- Brief
Exercise in exact copying: restate word for word only the lines below from the one containing "Girls floral lace dress-71C919 white" through the one containing "Contact Us - Get", omitting any pictures.

- Record set
▶

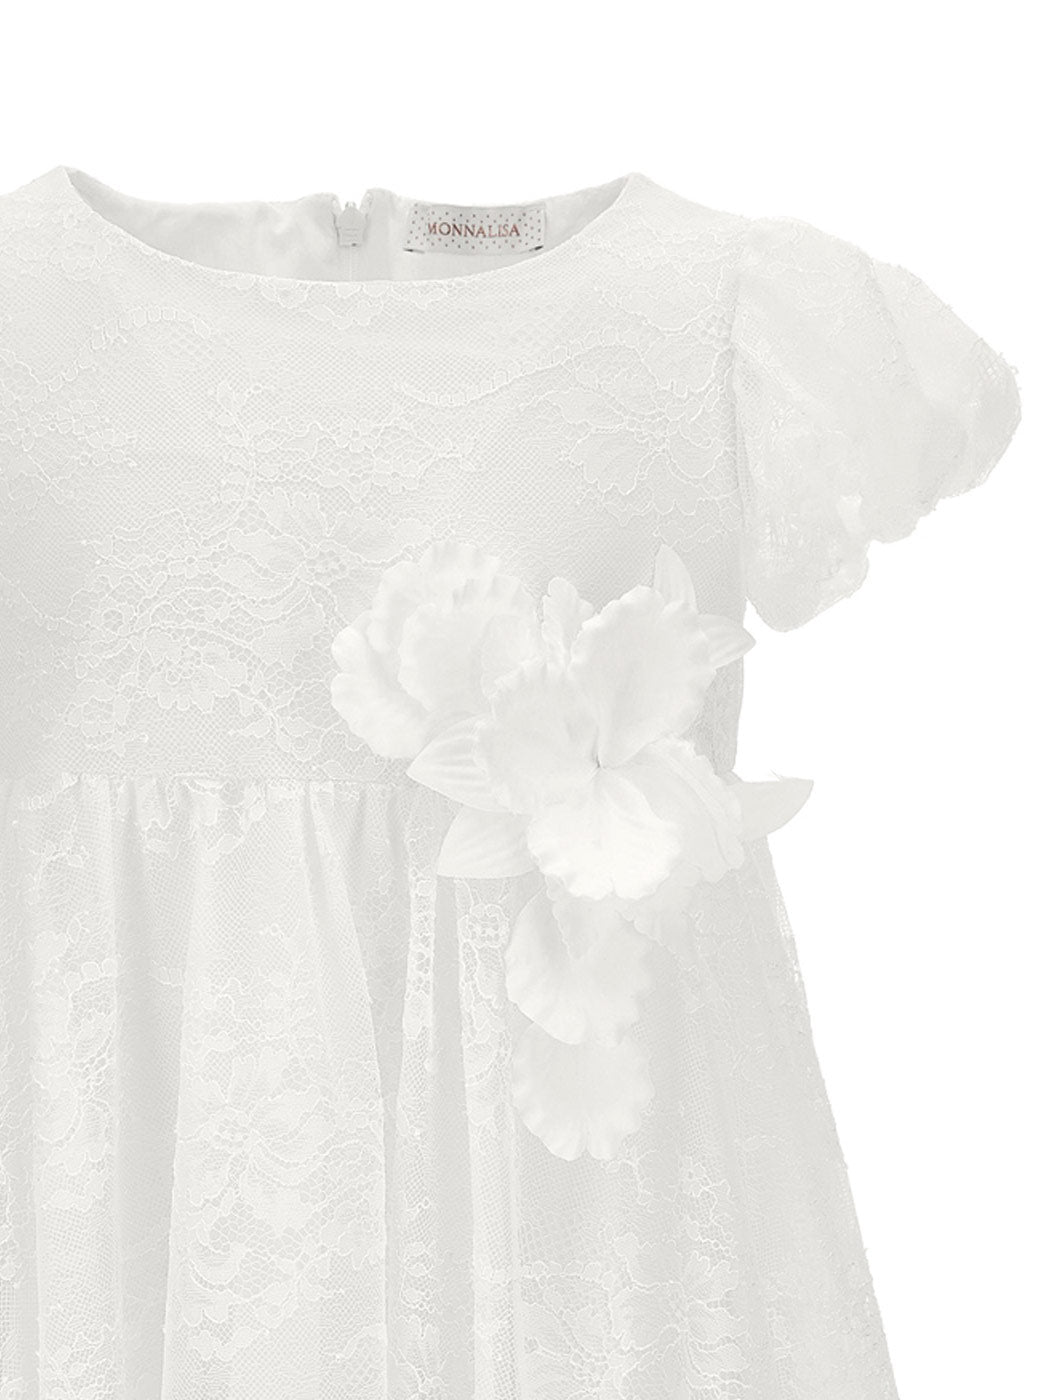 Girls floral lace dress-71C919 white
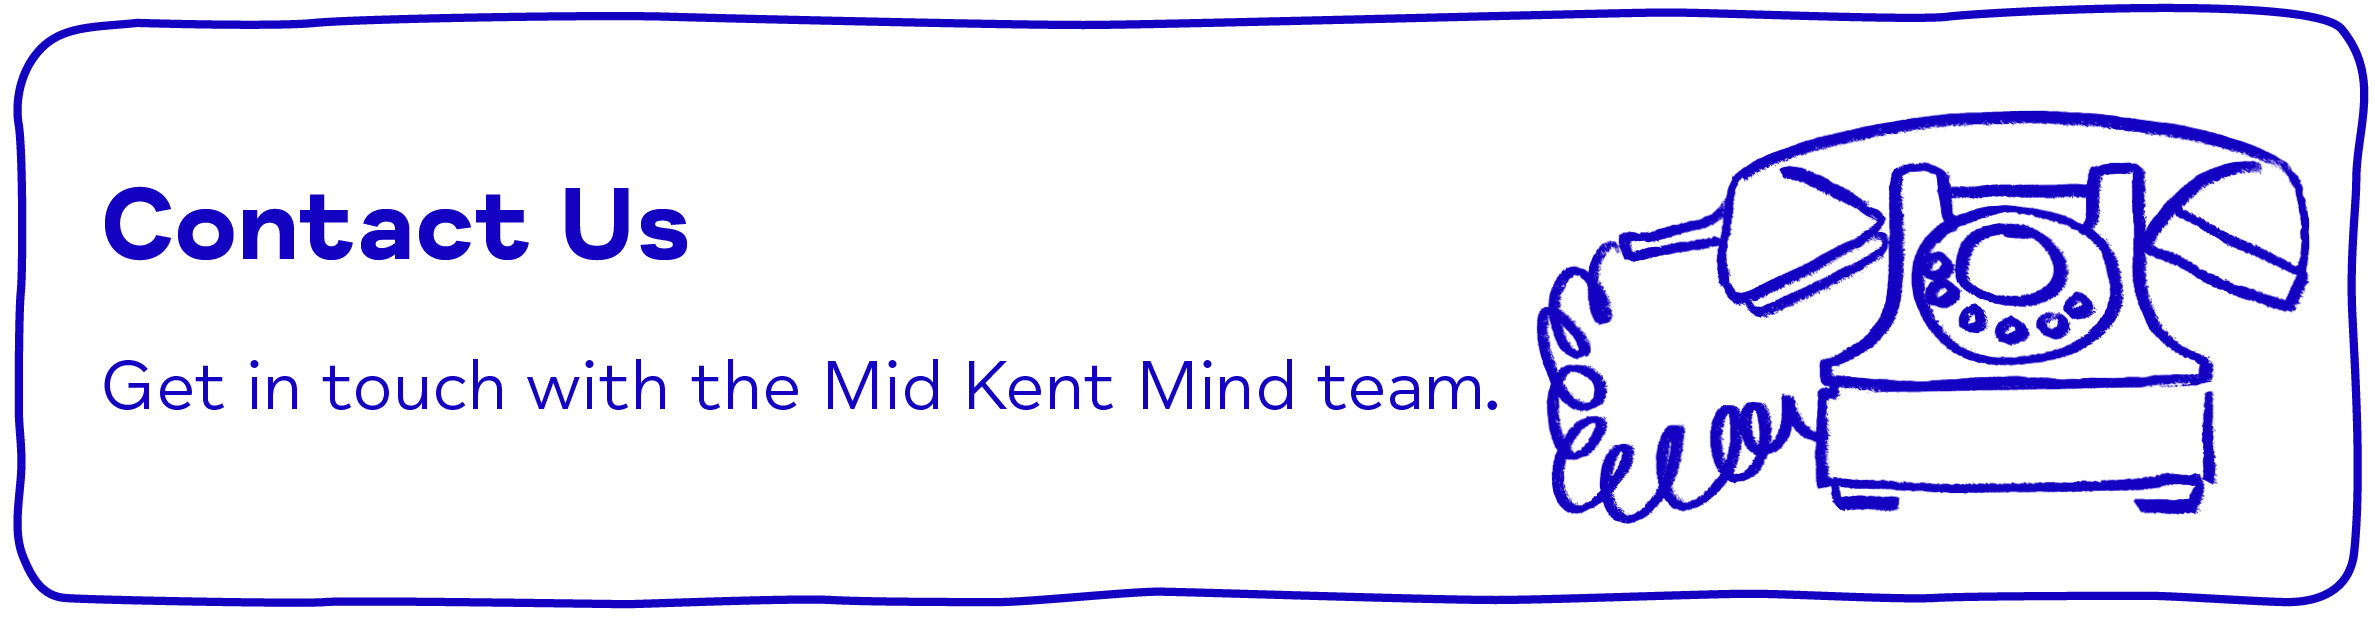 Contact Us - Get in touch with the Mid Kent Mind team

◀
▶

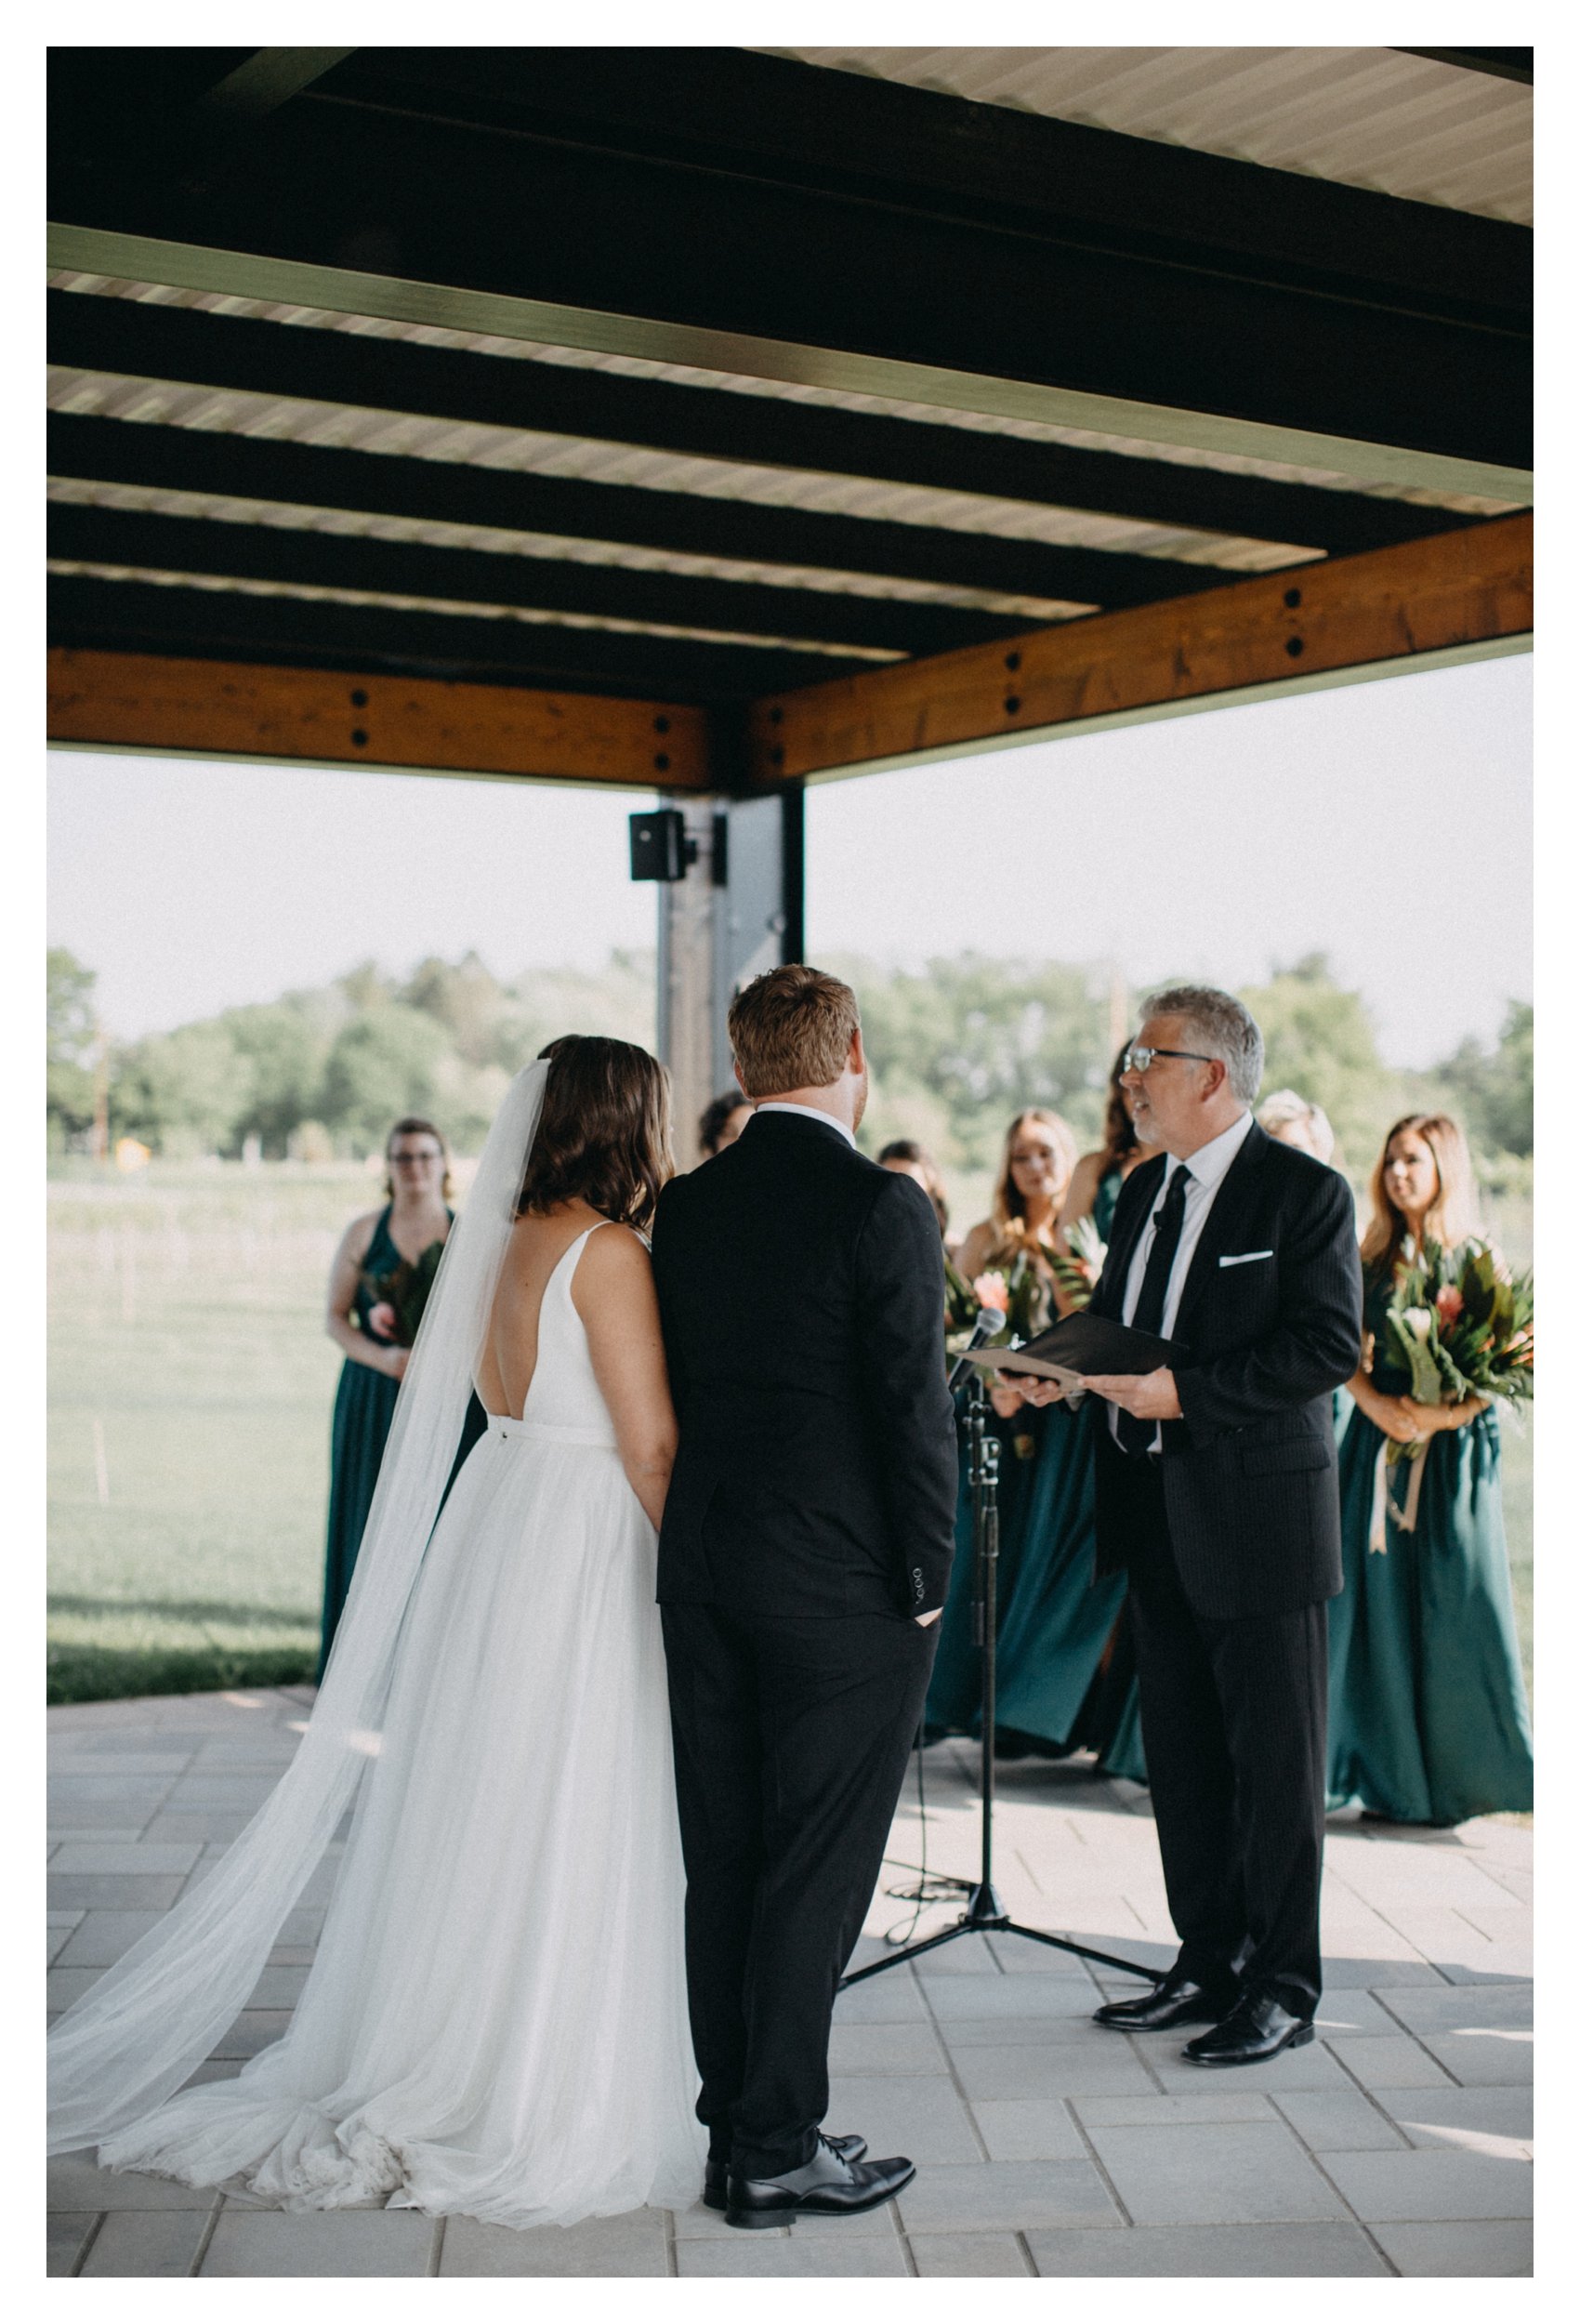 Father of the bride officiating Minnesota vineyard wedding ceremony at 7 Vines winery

◀

- Result of this task
 Girls floral lace dress-71C919 white
 Contact Us - Get in touch with the Mid Kent Mind team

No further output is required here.